From the Guidelines
Daptomycin is a recommended alternative to vancomycin if a patient develops pruritus, with a typical adult dose of 6 mg/kg intravenously once daily, as stated in the guidelines by the Infectious Diseases Society of America 1. When switching from vancomycin to daptomycin:
- Stop vancomycin immediately
- Start daptomycin as soon as possible
- Monitor creatine phosphokinase (CPK) levels weekly Daptomycin is effective against many gram-positive bacteria, including methicillin-resistant Staphylococcus aureus (MRSA) 1. It works by disrupting bacterial cell membranes, leading to rapid cell death. Unlike vancomycin, daptomycin is not associated with "Red Man Syndrome" or histamine-mediated itching. Other alternatives may include linezolid or teicoplanin, depending on the specific infection and local antibiotic resistance patterns. However, daptomycin is often preferred due to its broad spectrum of activity and once-daily dosing 1. Some key points to consider when using daptomycin include:
- It is contraindicated in the treatment of S aureus pneumonia acquired via the aspiration route 1
- Higher doses of daptomycin (8-10 mg/kg) may be recommended for complicated infections, including left-sided IE, although this is not FDA-approved 1
- Daptomycin may be a reasonable alternative to vancomycin for left-sided NVE caused by MRSA, based on limited data from prospective and observational studies 1
From the FDA Drug Label
Treatment discontinuations due to adverse events occurred in 8% (72/929) of patients treated with VIBATIV, the most common events being nausea and rash (
1% each). Treatment discontinuations due to adverse events occurred in 6% (53/938) of vancomycin-treated patients, the most common events being rash and pruritus (1% each)
The alternative to vancomycin used if a patient develops pruritus is telavancin (VIBATIV) 2.
From the Research
Alternative to Vancomycin
If a patient develops pruritus, an alternative to vancomycin may be considered.

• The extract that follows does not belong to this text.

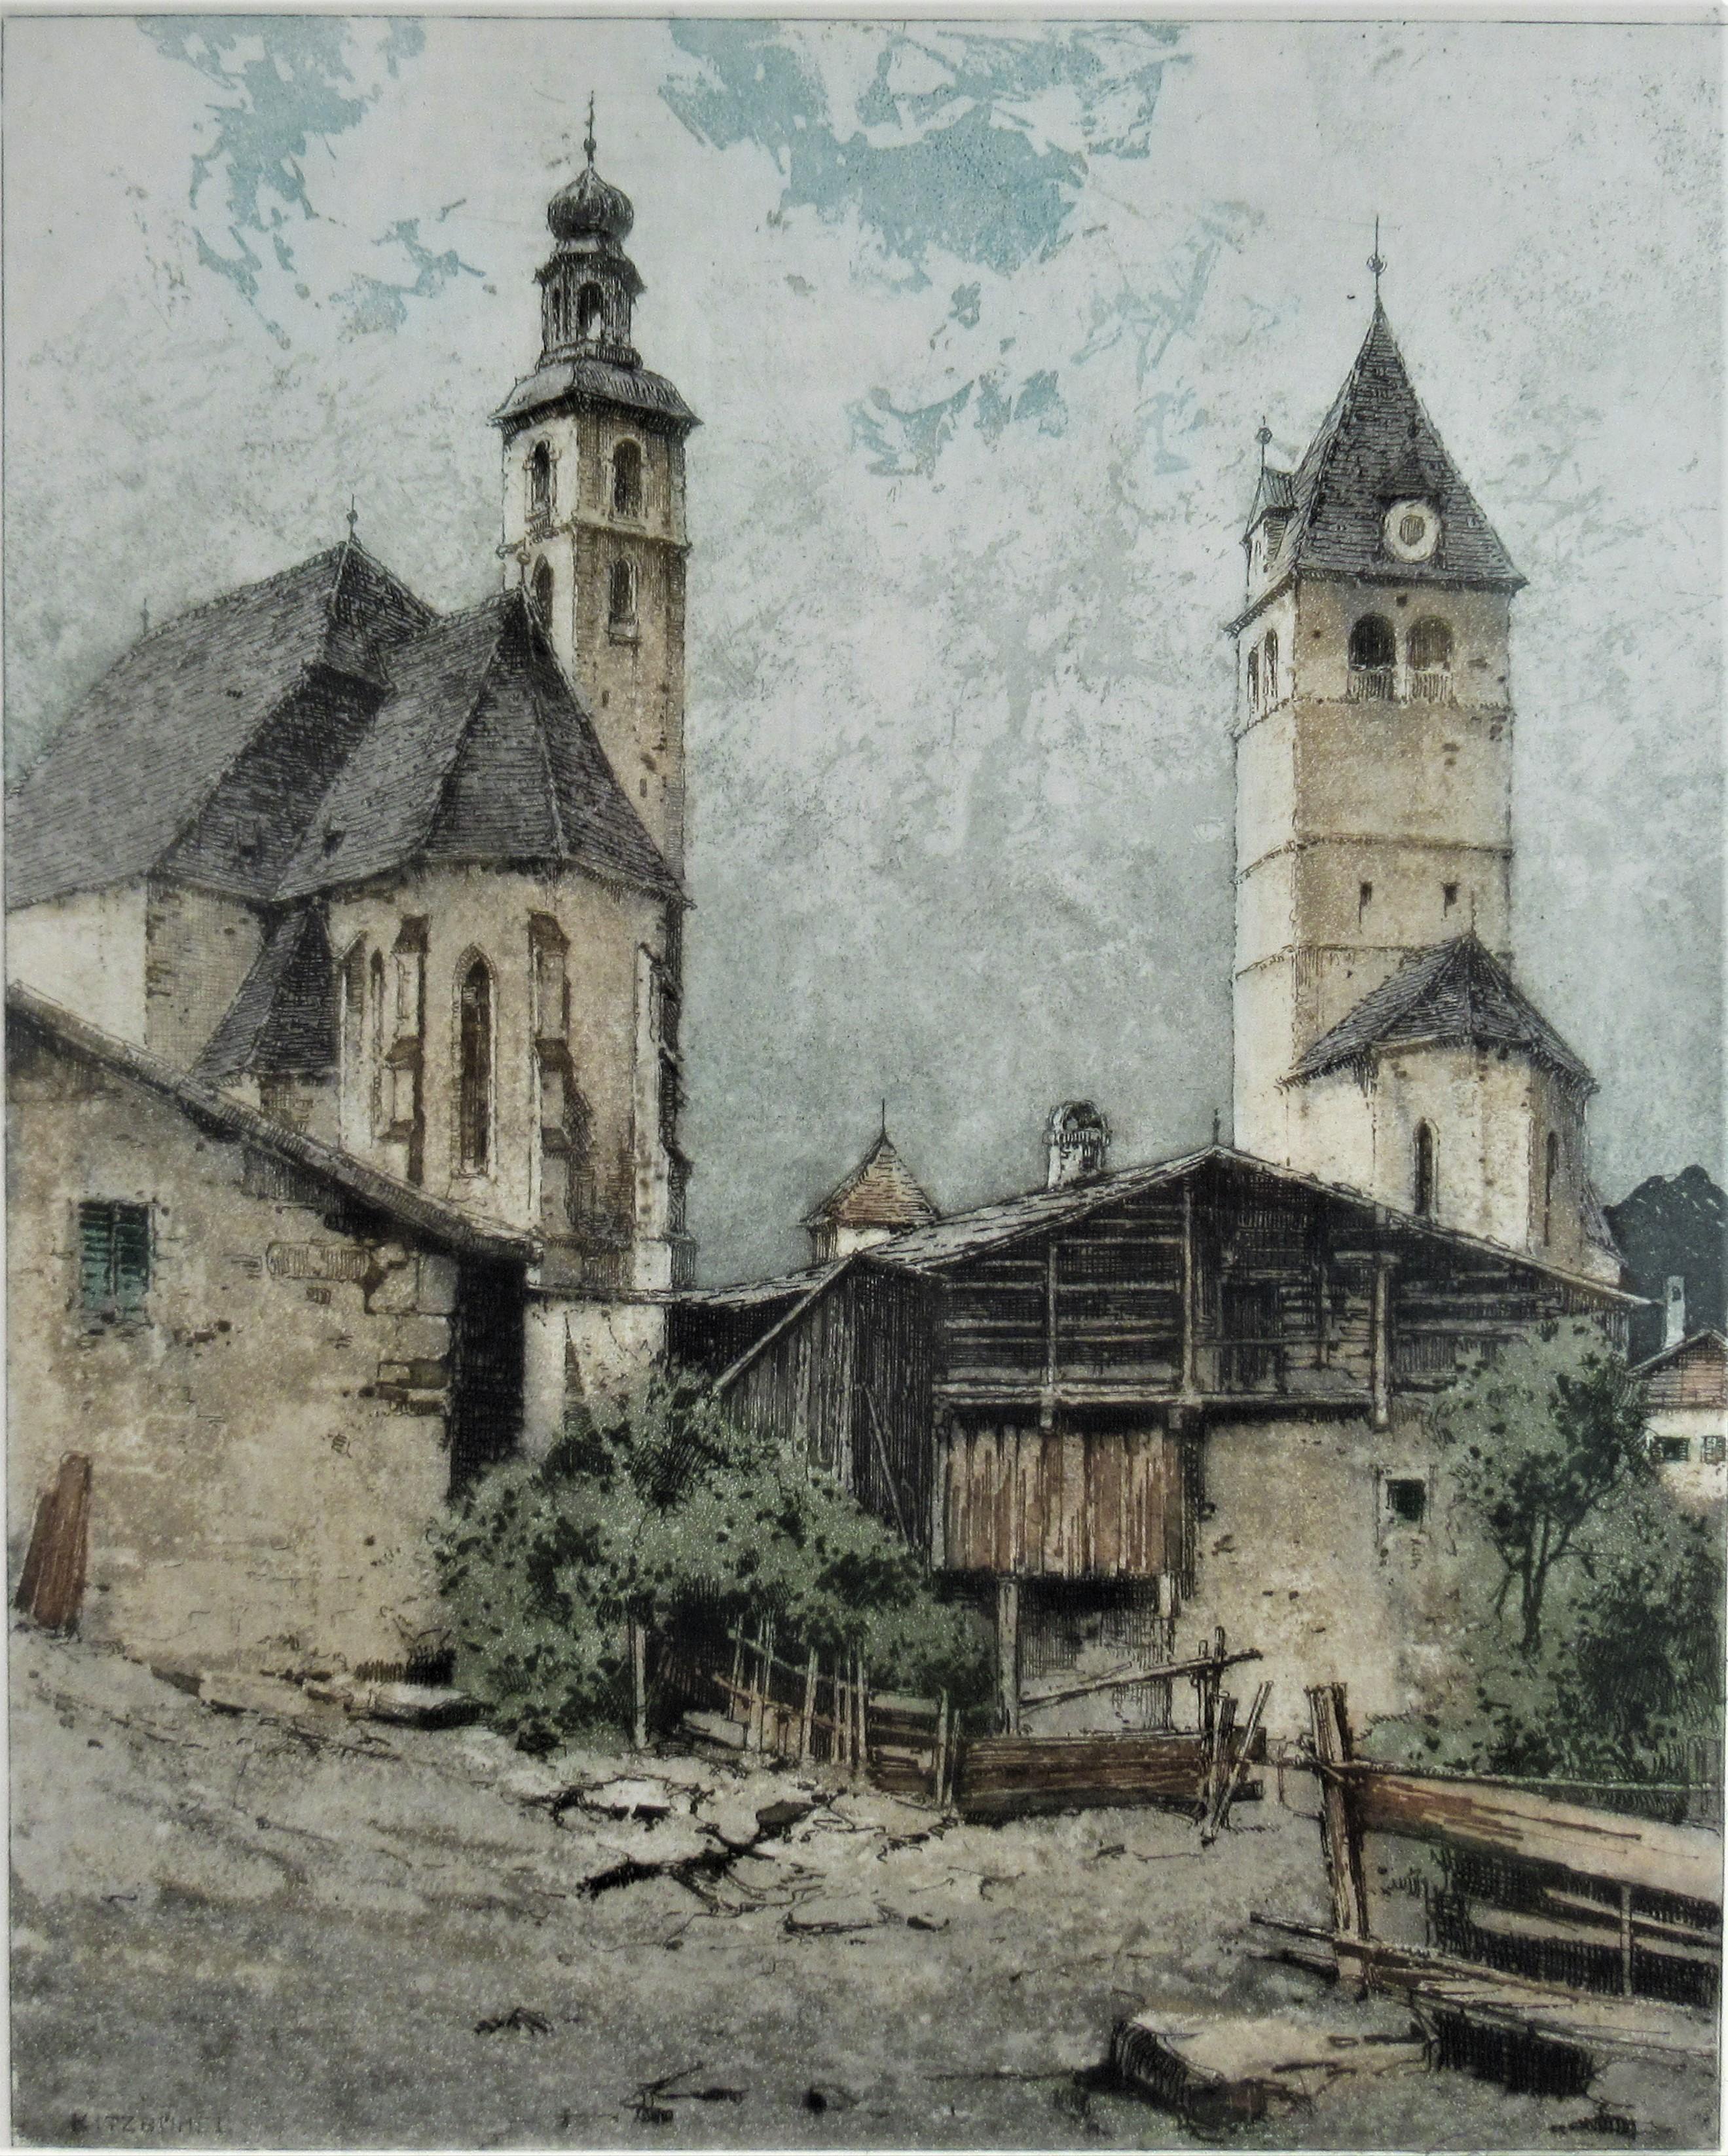 Kitzbuehel, Tyrol - Print by Josef Eidenberger

- Daptomycin is used as an alternative antibiotic in some cases, as seen in a patient who developed anaphylaxis with disseminated intravascular coagulation despite prior repeated exposure to vancomycin 3.
- Other alternatives may include linezolid, teicoplanin, or quinupristin/dalfopristin, although these are not explicitly mentioned in the provided studies.
- In some cases, vancomycin may be replaced with other antibiotics such as clindamycin, as seen in a patient with a history of chronic osteomyelitis of the right tibia 4.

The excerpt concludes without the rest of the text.